Select Committee on Trade and Industry Minutes of Evidence


ANNEX

BETTER REGULATION—EU GOLD PLATING

The Definition of Waste

  We are concerned at differences of interpretation across EU member states with regards to the Definition of wastes. Including; Waste shipment regulations (Transfrontier Shipment of waste regulations (TFS)(1994)) and the Waste Incineration directive. This affects a wide range of chemical manufacturing businesses.

  It has led to differing practices between member states on the question of when a waste ceases to be a waste and becomes a resource once more. Consequently this has led to certain materials being classified as hazardous waste in one member state whereas in another member state, the material may not even be defined as a waste at all. In the UK chemicals industry, the impact of this lack of clarity and lack of level playing field is having a marked effect on a number of manufacturing sites.

  For example one of our members has reported that his site has to comply with the EU Waste shipment regulations (Transfrontier Shipment of waste regulations (TFS)(1994)) in order to export a material produced on site and that will be directly used as a raw material in another chemical process in Belgium. This arises from the fact that the Environment Agency has categorised this material as "waste'. Compliance with TFS requires the producer to send notifications of shipments of waste to the competent national Authorities, which have then to approve it, prior shipment.
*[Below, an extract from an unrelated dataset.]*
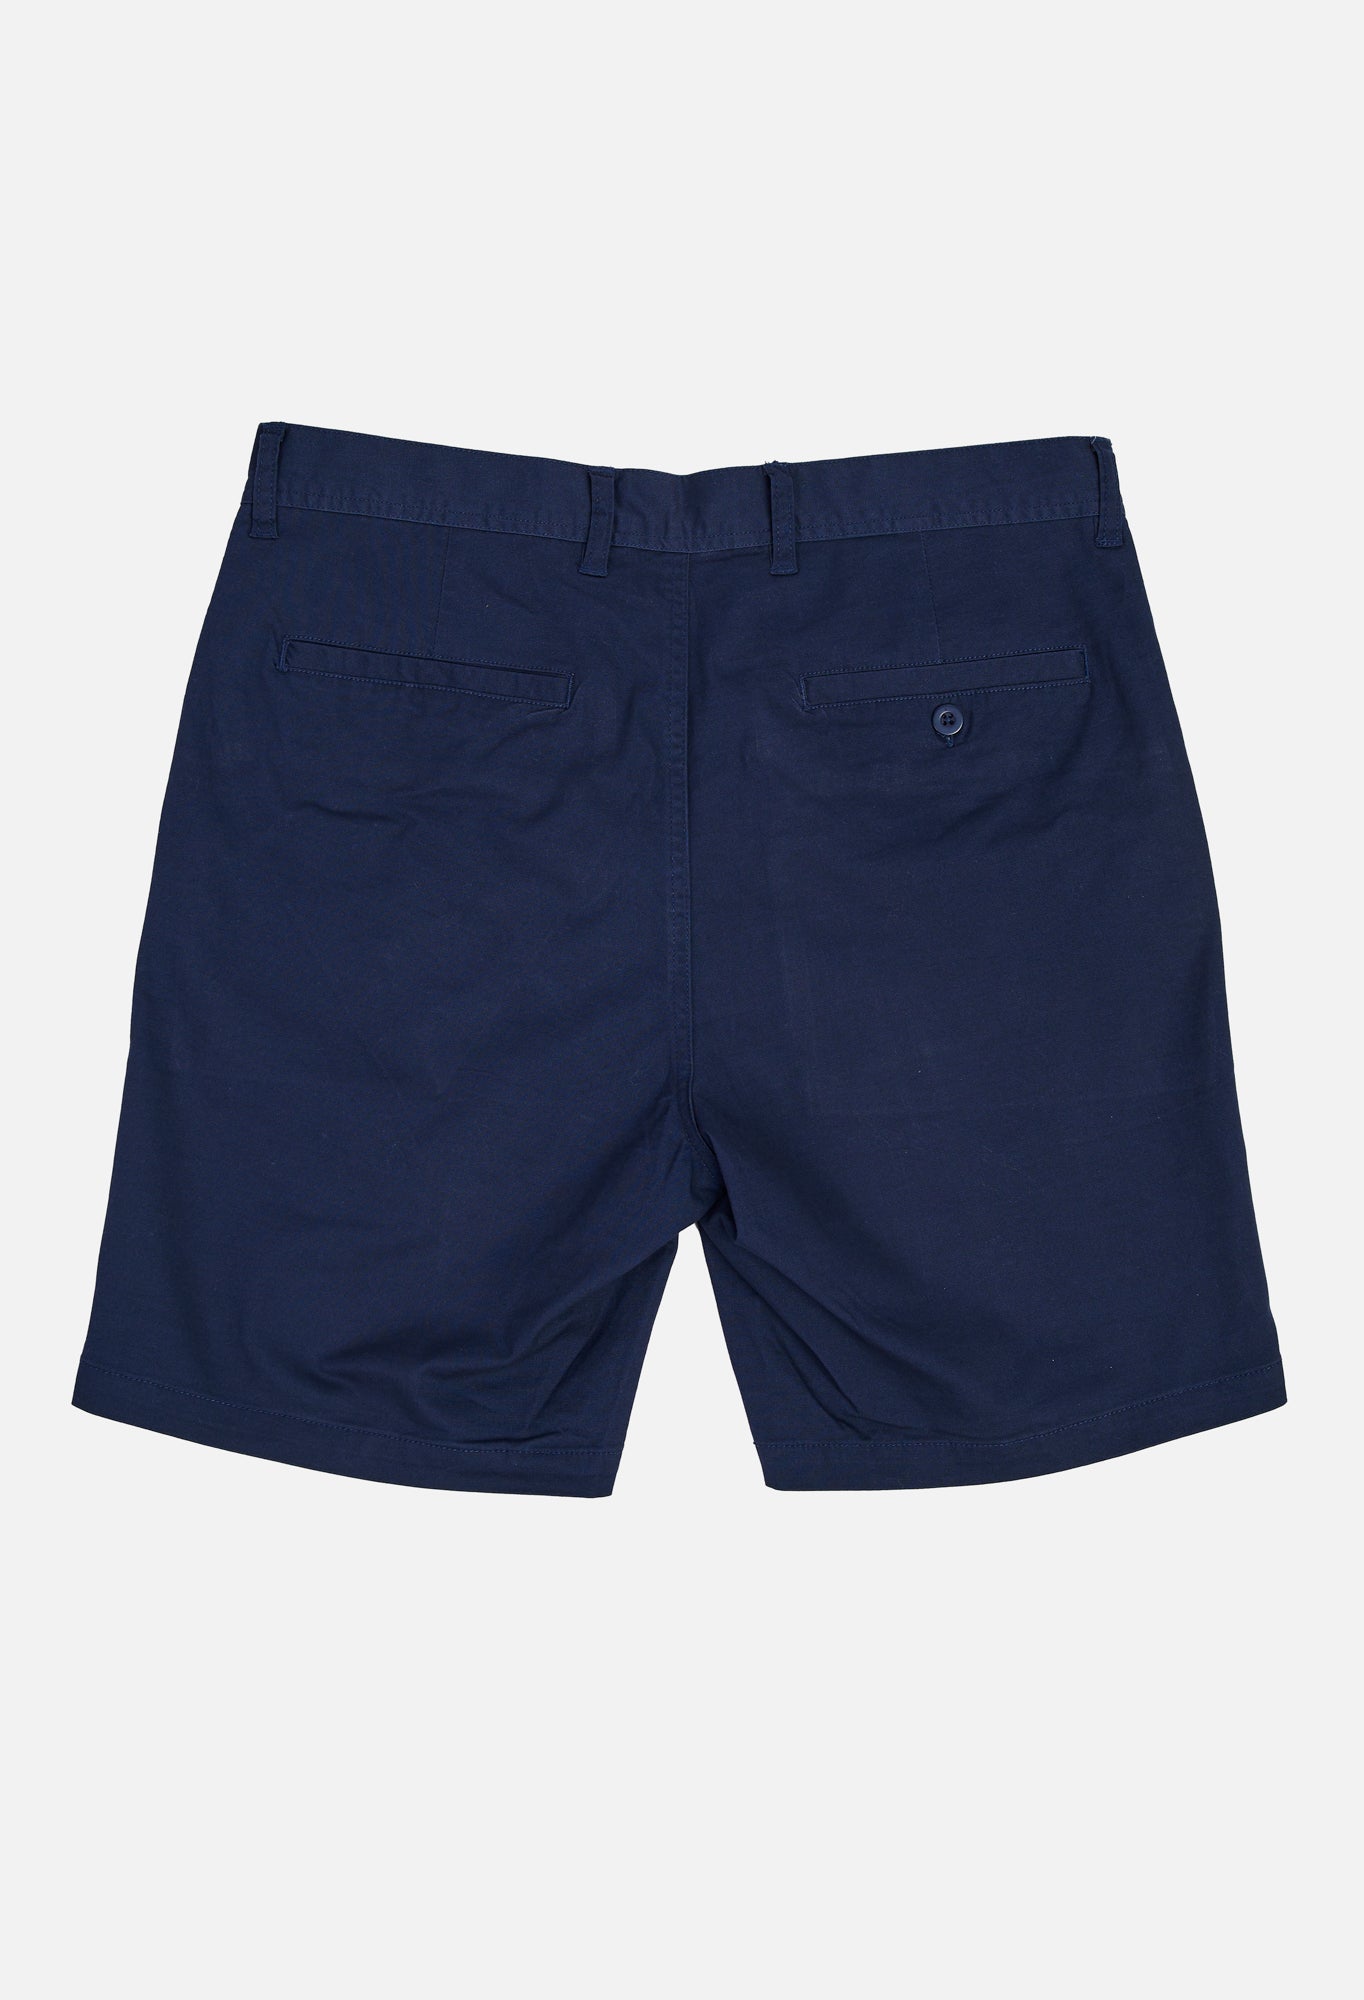 NL Navy Chino Shorts

In England and Wales this procedure incurs a substantial fee for the exporter coupled with a delay for process by the EA that can last up to three months. We have evidence that the same material produced under similar conditions in France is not categorised as waste by the French Authorities and hence the producer does not have to comply with the EU Waste shipment regulations in order to export the material to Belgium.
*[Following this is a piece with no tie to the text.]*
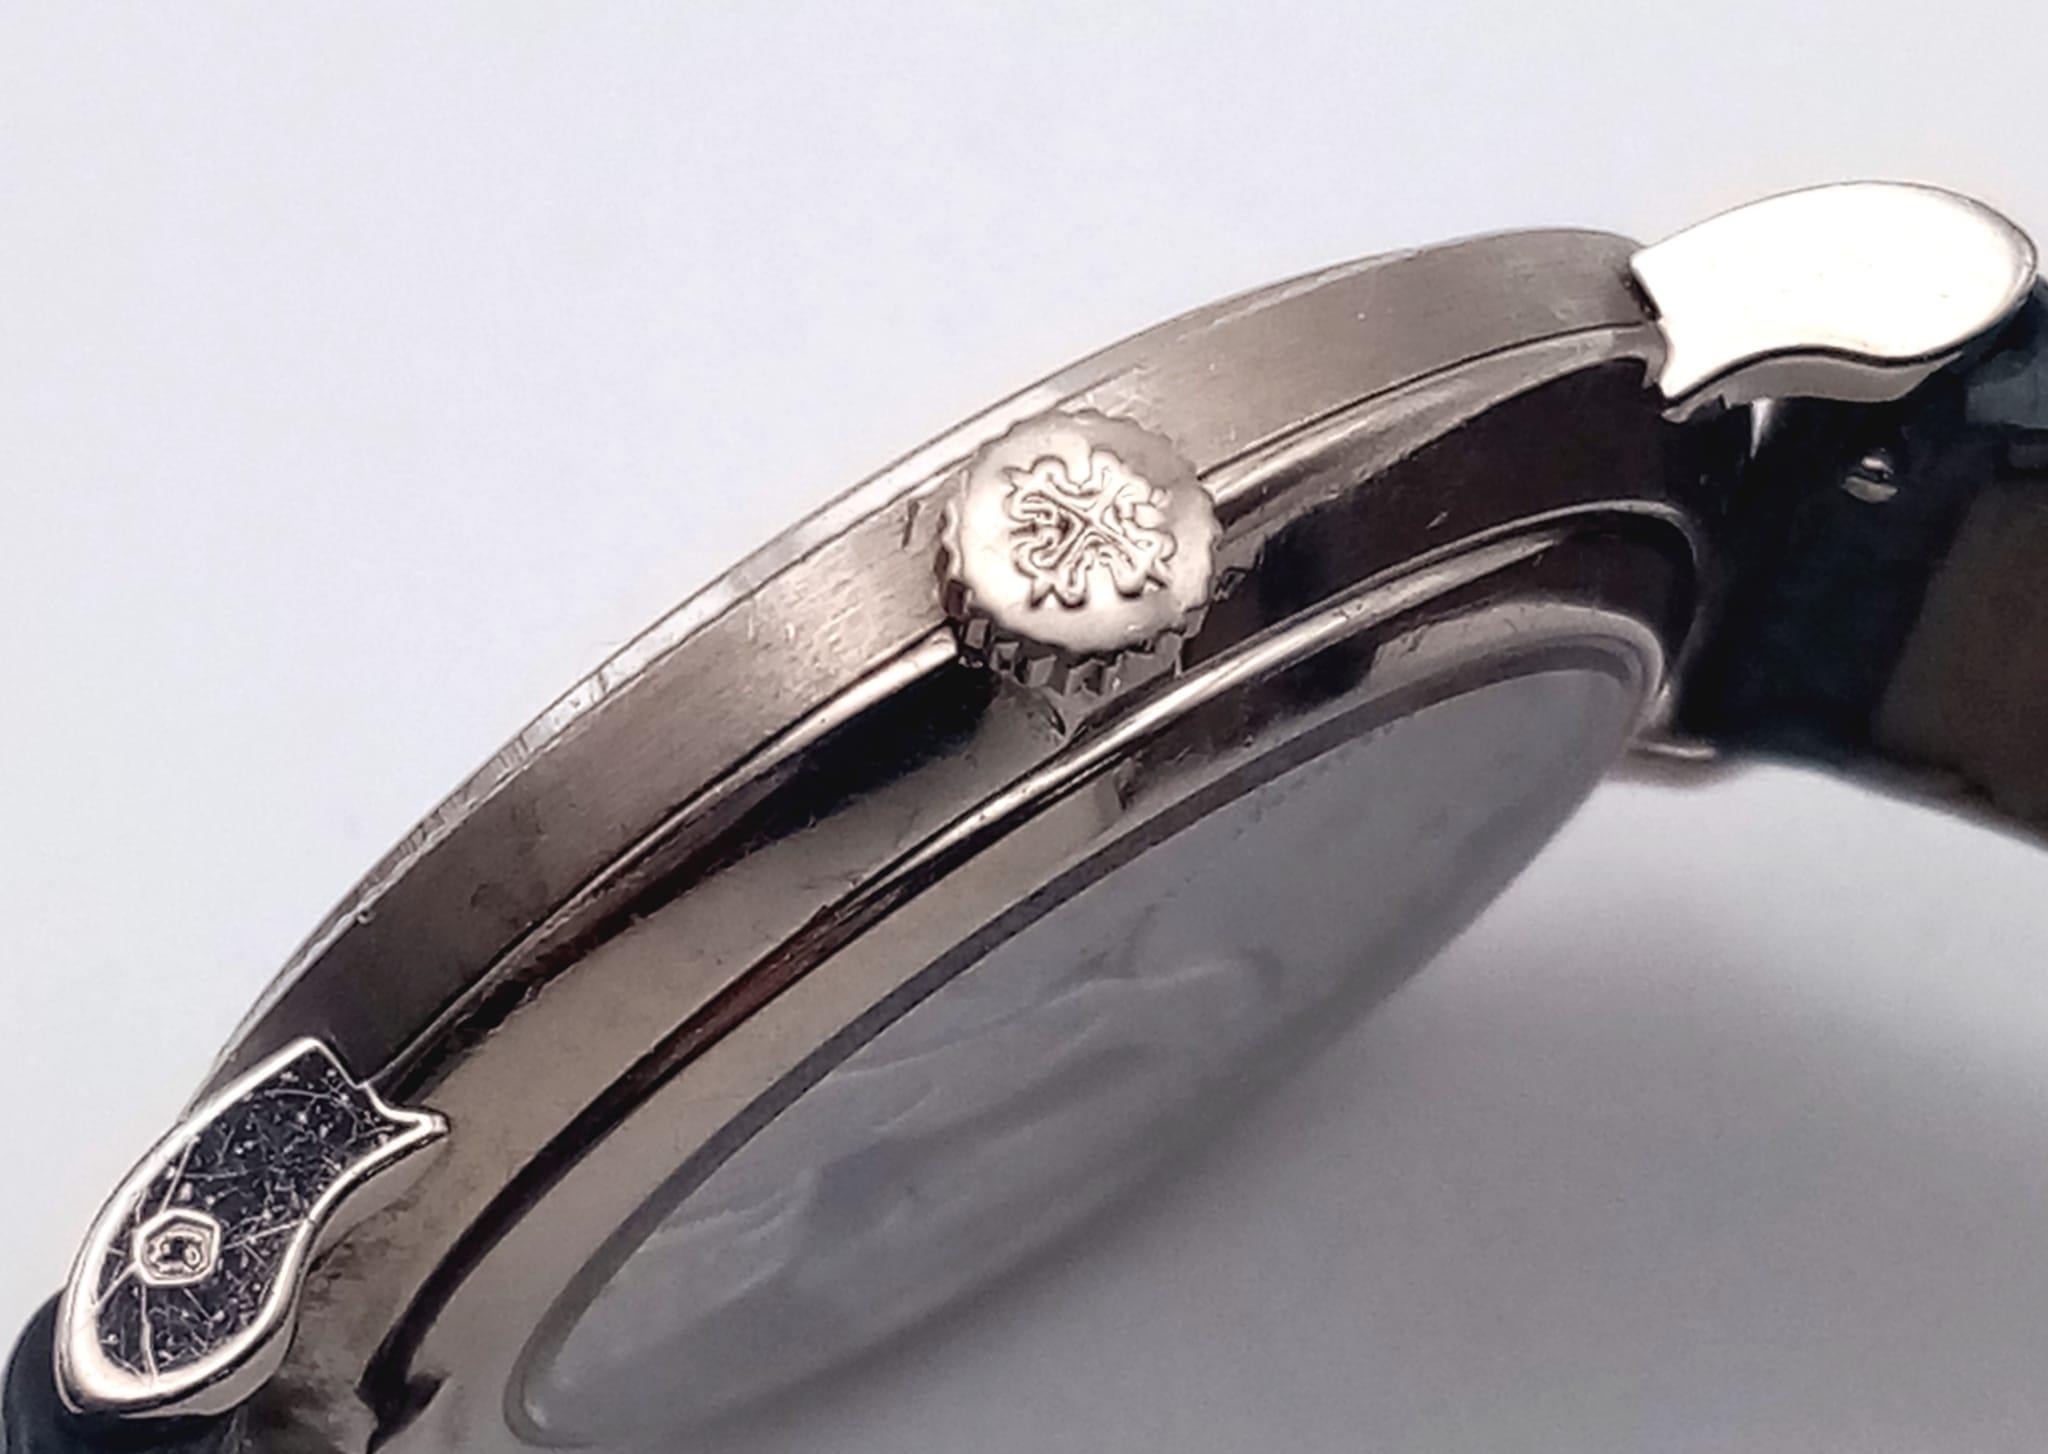 A Patek Phillipe Calatrava 18K White Gold Gents Watch. Leather strap. Gold case - 31mm. Mechanical - Image 7 of 10

  Another example relates to compliance with the Waste Incineration directive (WID). One of our members operates a process producing a well-characterised single waste stream that can be recycled to produce the raw material for the main process. The recycling operation, which is proven environmentally and economically sustainable, includes an incineration step. Article 11 of the Council directive 91/156/EEC amending 75/442/EEC (WID) states that installations that carry out waste recovery in accordance with article 4 (not endangering human health and the environment) are exempted from the Directive. The regulators first agreed that the recycling operation falls under this description and therefore should be exempted from WID. However Defra did not retained this interpretation and concluded that because the recycling operation includes an irreversible molecular change to the waste stream then WID would apply to the thermal treatment stage of the process. In this particular example it should be noted that 99.6% of the whole process is reversible as the incineration product is recovered and converted it back into its pure form for re-use. With this in mind it is also worth mentioning that DEFRA allows certain incinerators to be exempt from WID where there is incomplete destruction of the waste stream but the waste stream does not undergo any chemical change at any stage. The fact that subsequent processing is able to re-form a large proportion of the waste stream into a useful product was not considered by DEFRA as a criteria for exemption while processes such as swarf driers, where the swarf is heated to a temperature that burns off oil contaminants leaving the swarf "product" for reuse and, burning activated carbon containing VOCs where the VOCs get burnt to leave a VOC free activated carbon product for reuse are exempted under the basis that the waste stream does not undergo any chemical change at any stage.